- [Aim of the task]:
Transcribe the data exactly. Pictures stay out.

- [Data block]:
((

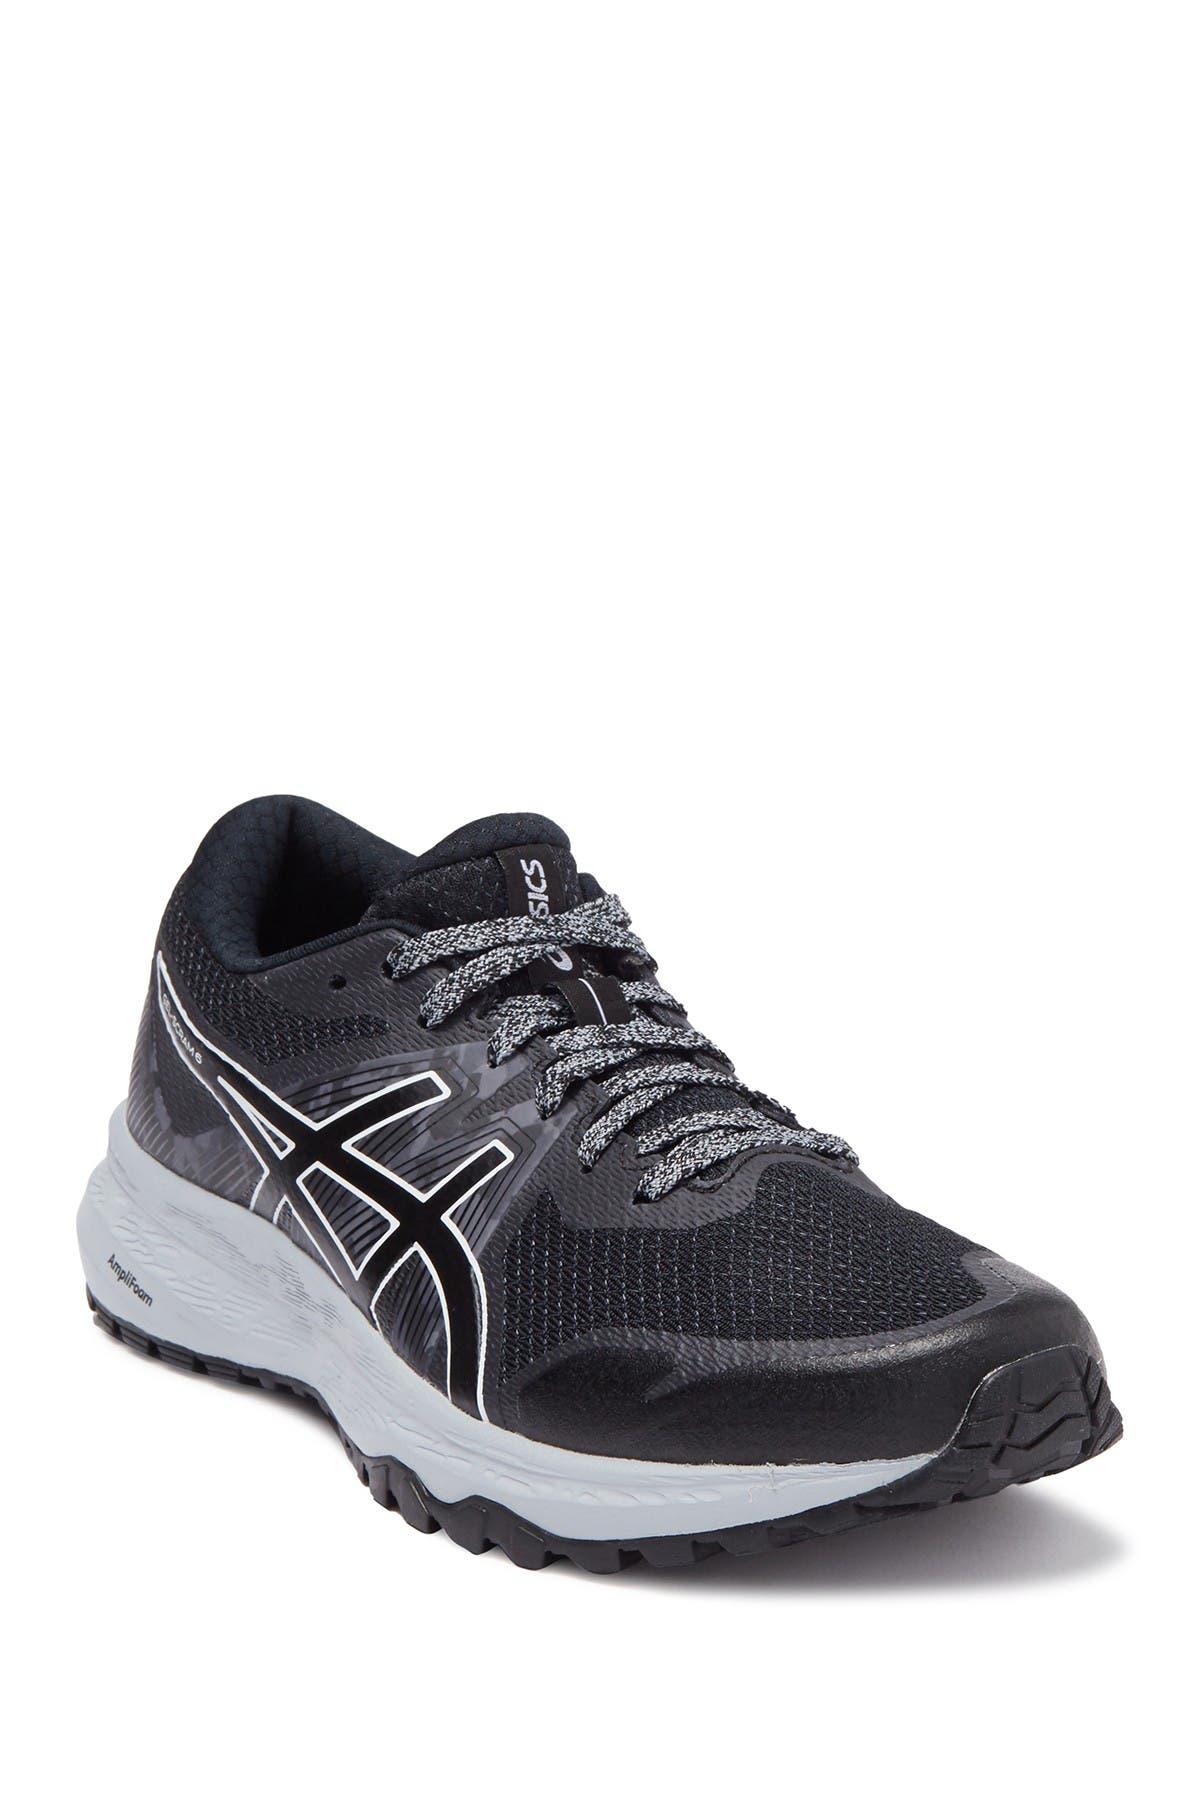 Image of ASICS GEL-Scram 6 Sneaker
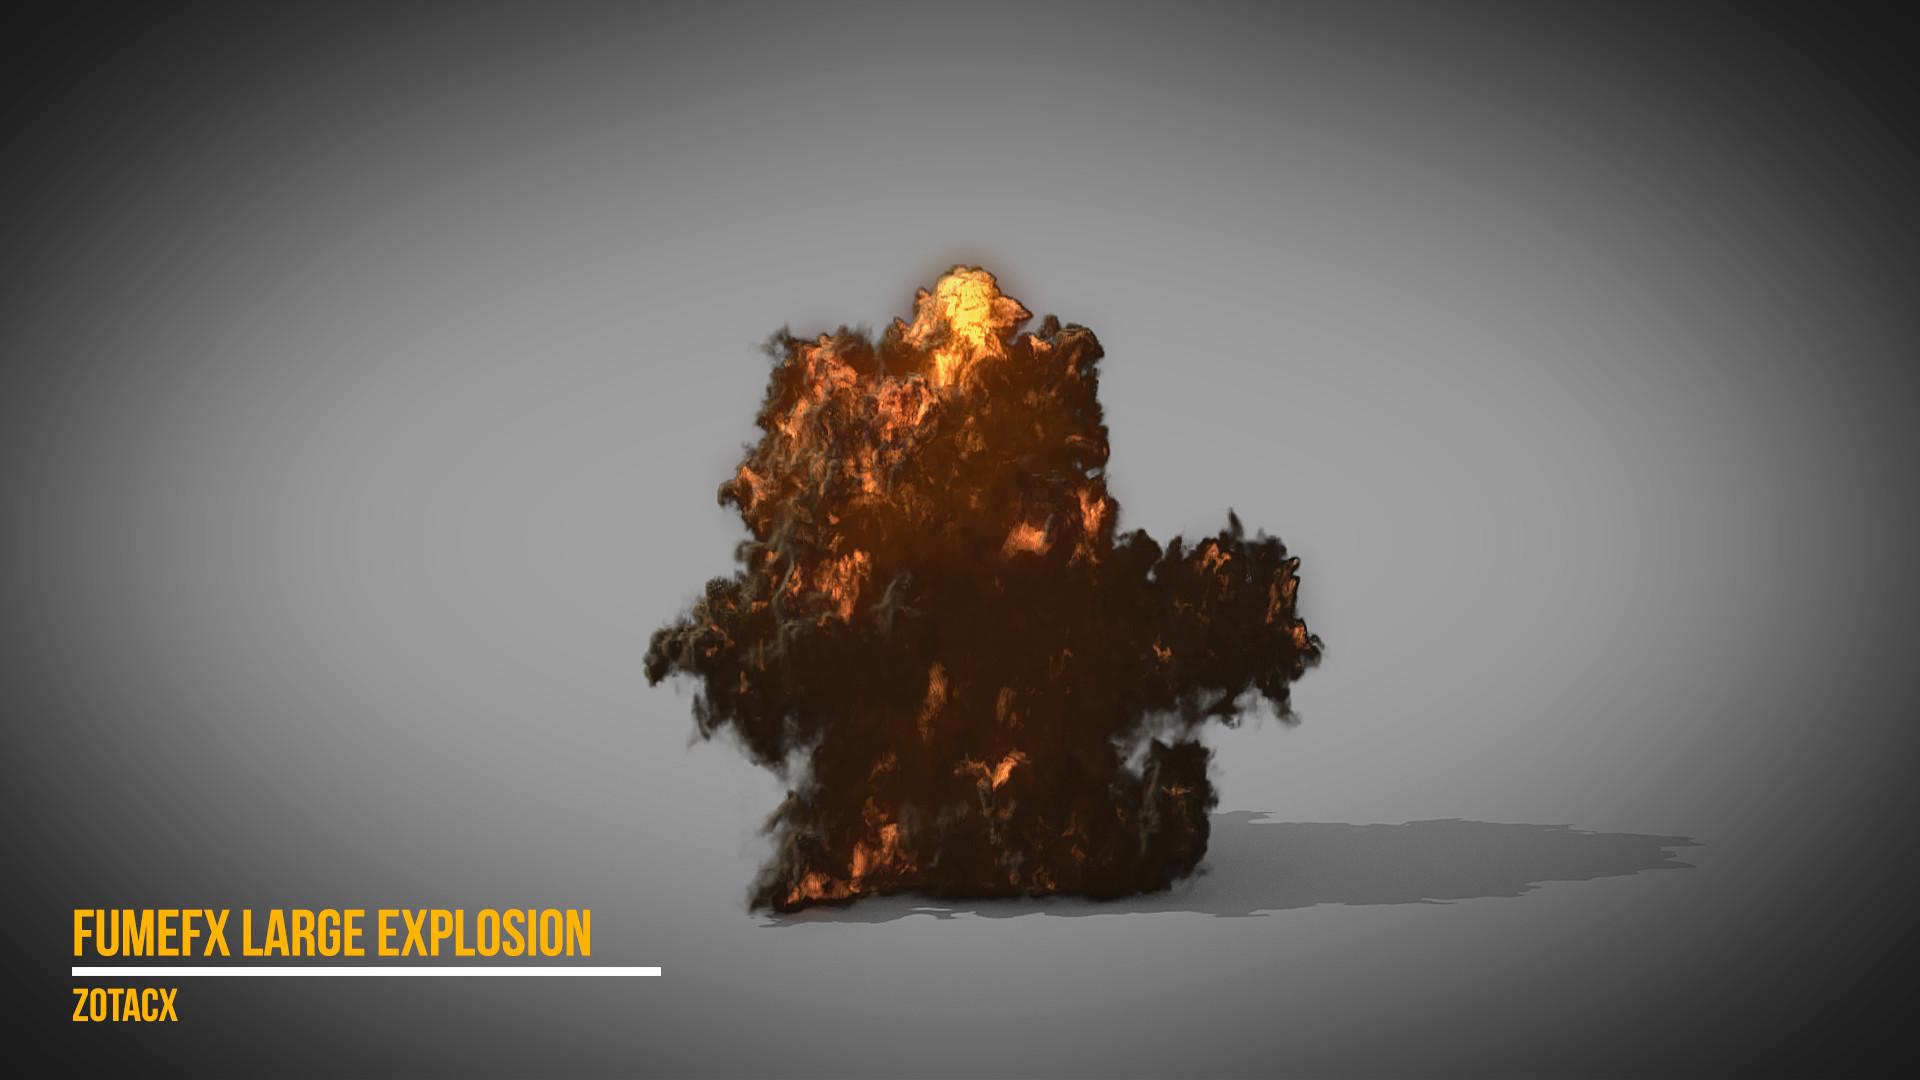 ArtStation - Large Explosion - VFX Breakdown, Rodrigo García
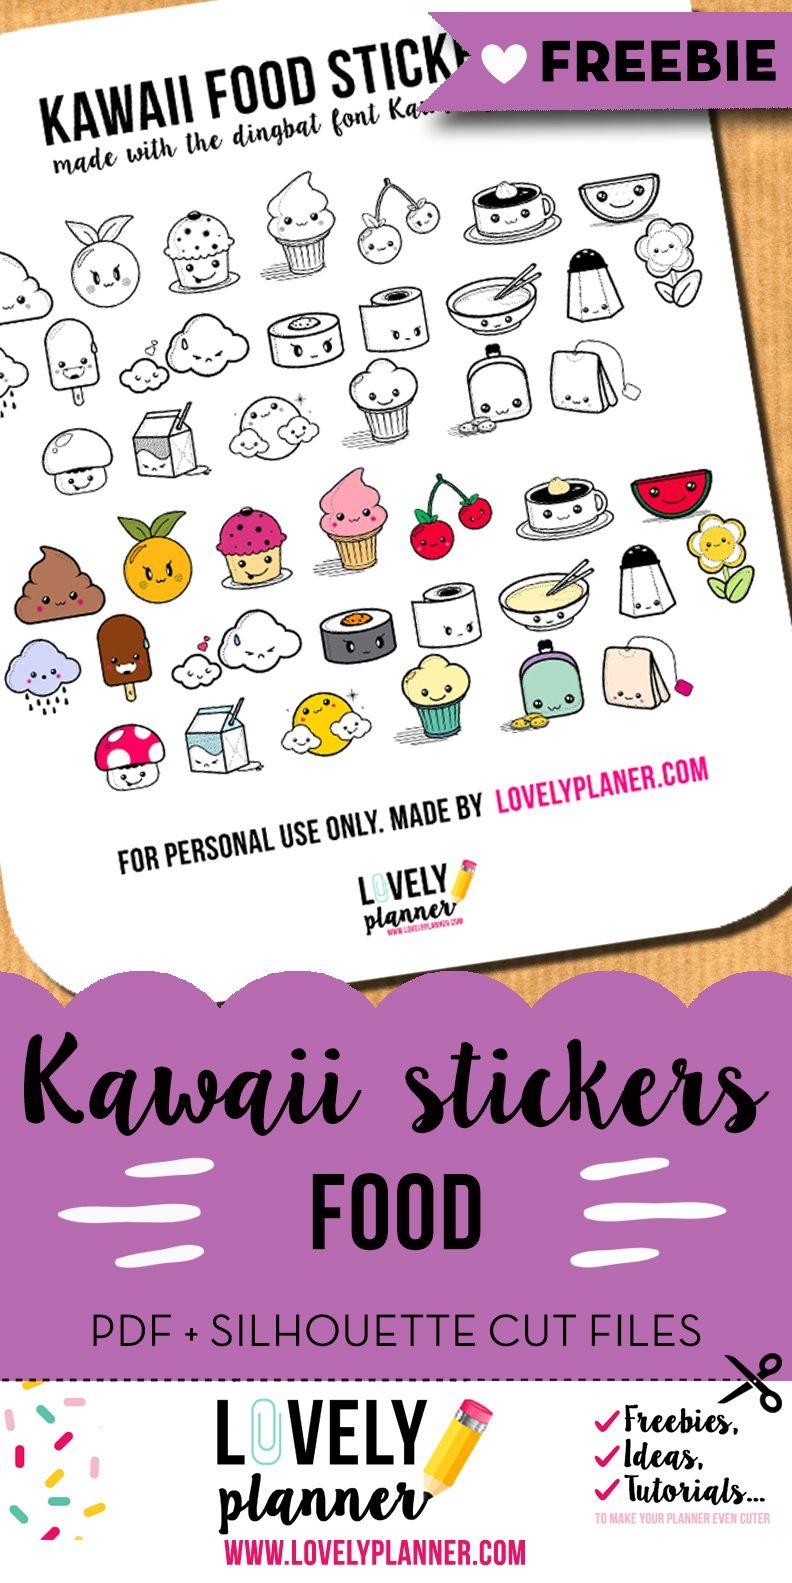 Free Printable Kawaii Food Planner Stickers From Lovelyplanner - Free Printable Kawaii Stickers
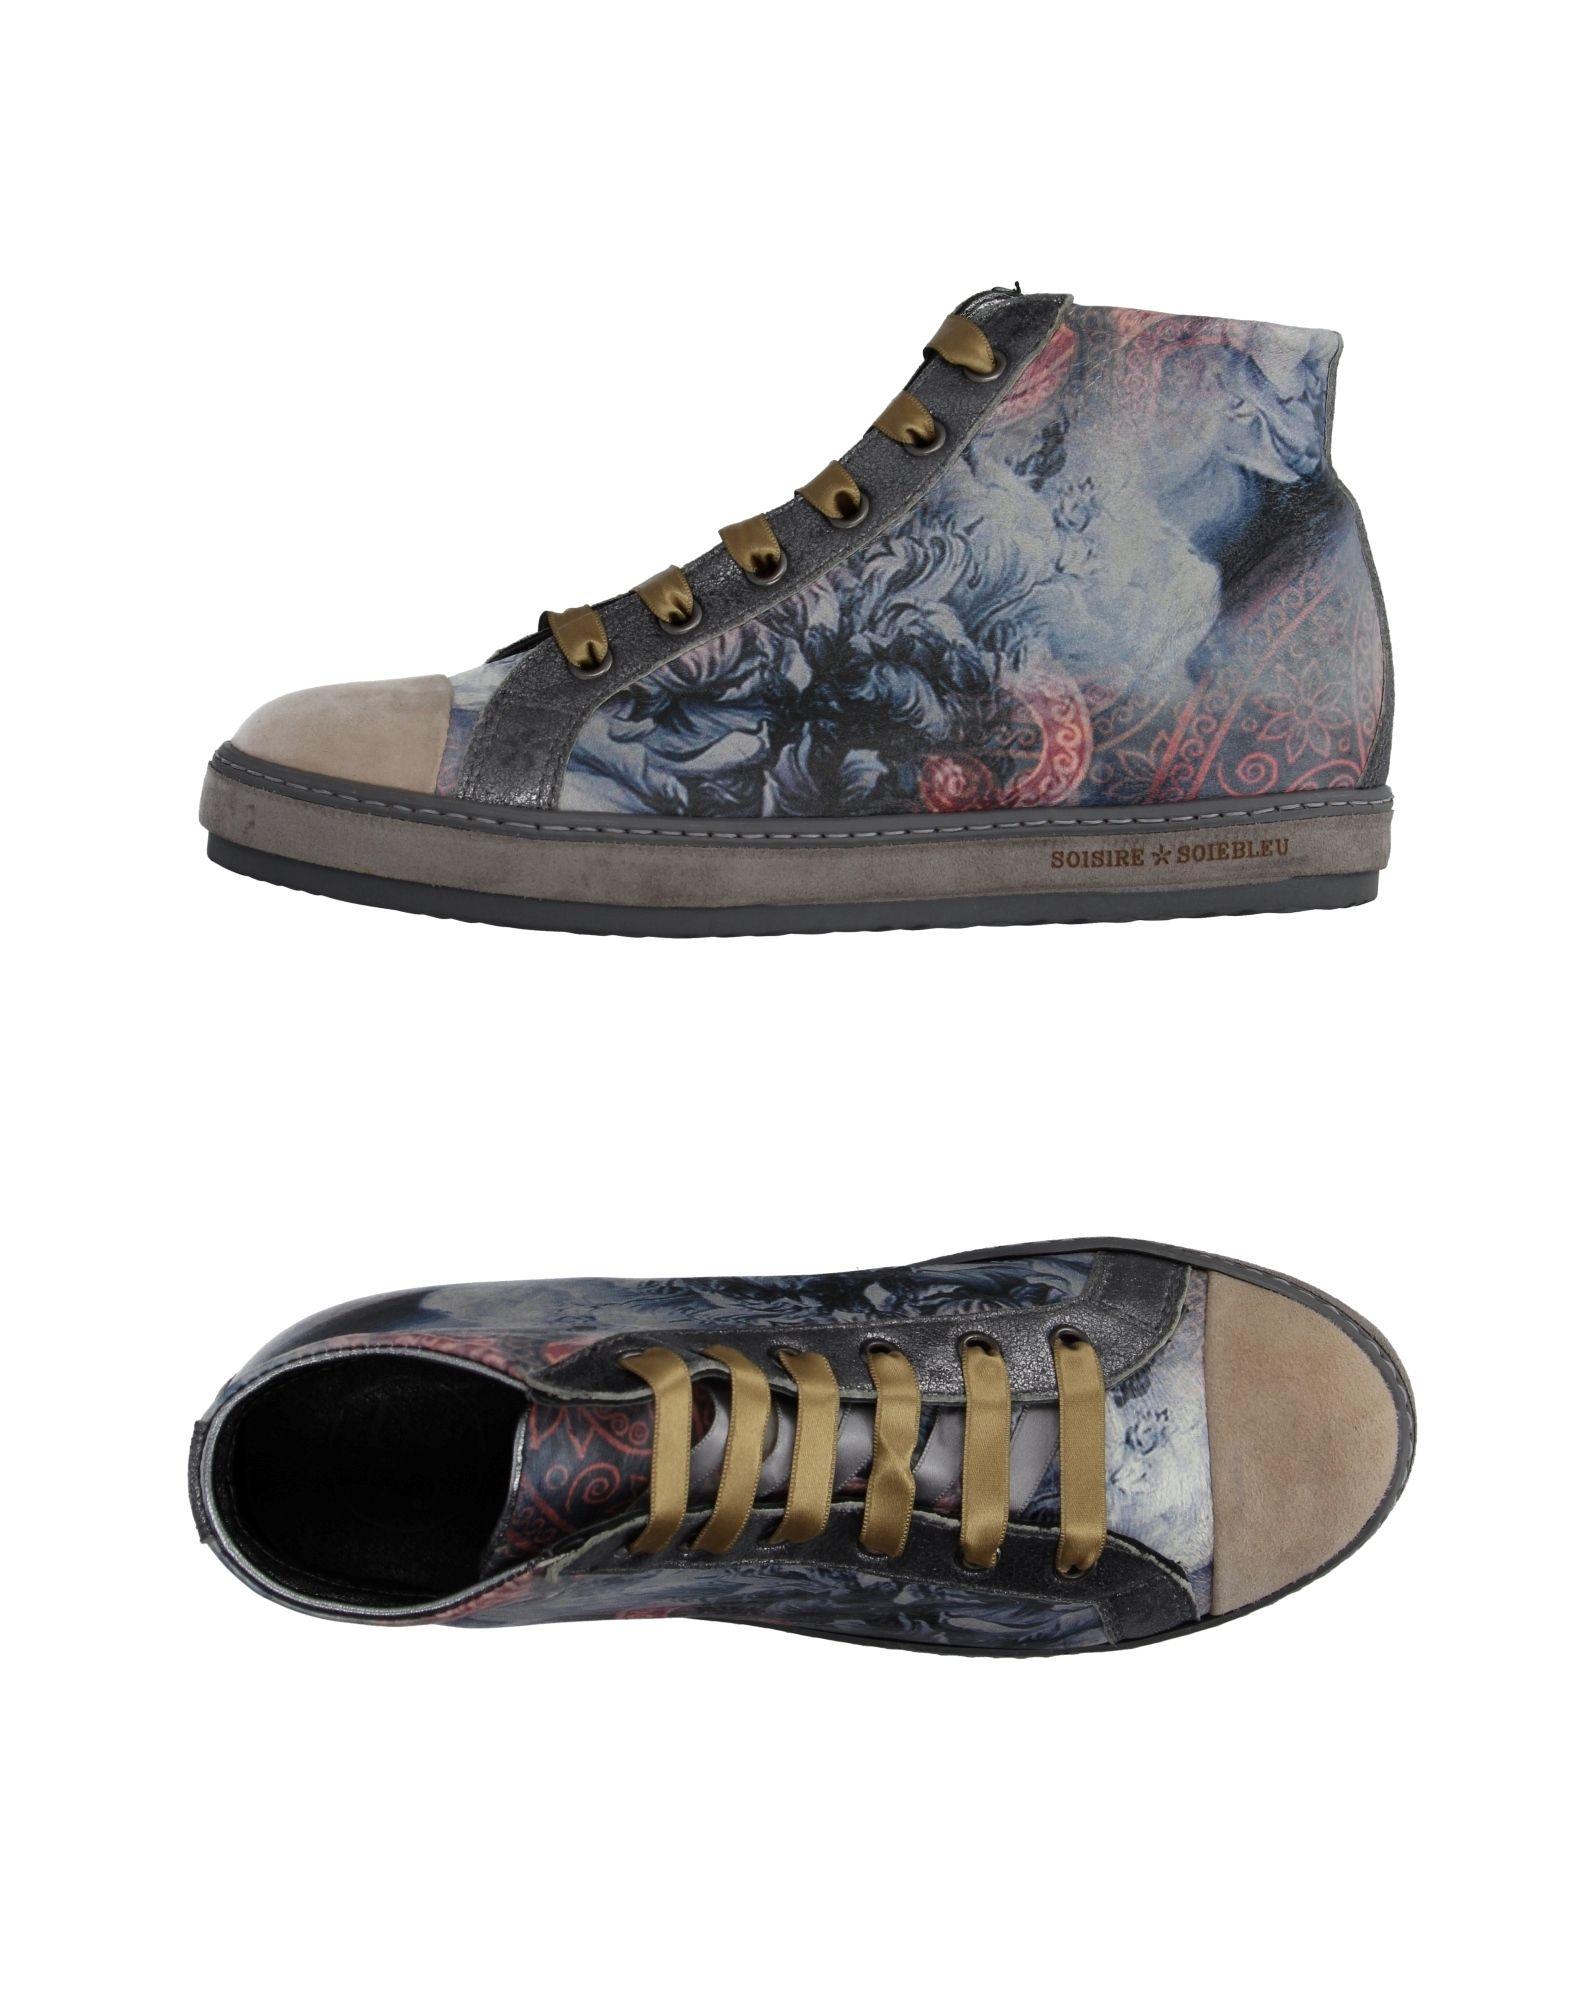 Soisire on Soiebleu Sneakers - Women Soisire Soiebleu Sneakers online on Soisire  Australia - 11063351SI b48b85

))

- [Output below]:
 Image of ASICS GEL-Scram 6 Sneaker
 ArtStation - Large Explosion - VFX Breakdown, Rodrigo García
 Free Printable Kawaii Food Planner Stickers From Lovelyplanner - Free Printable Kawaii Stickers
 Soisire on Soiebleu Sneakers - Women Soisire Soiebleu Sneakers online on Soisire  Australia - 11063351SI b48b85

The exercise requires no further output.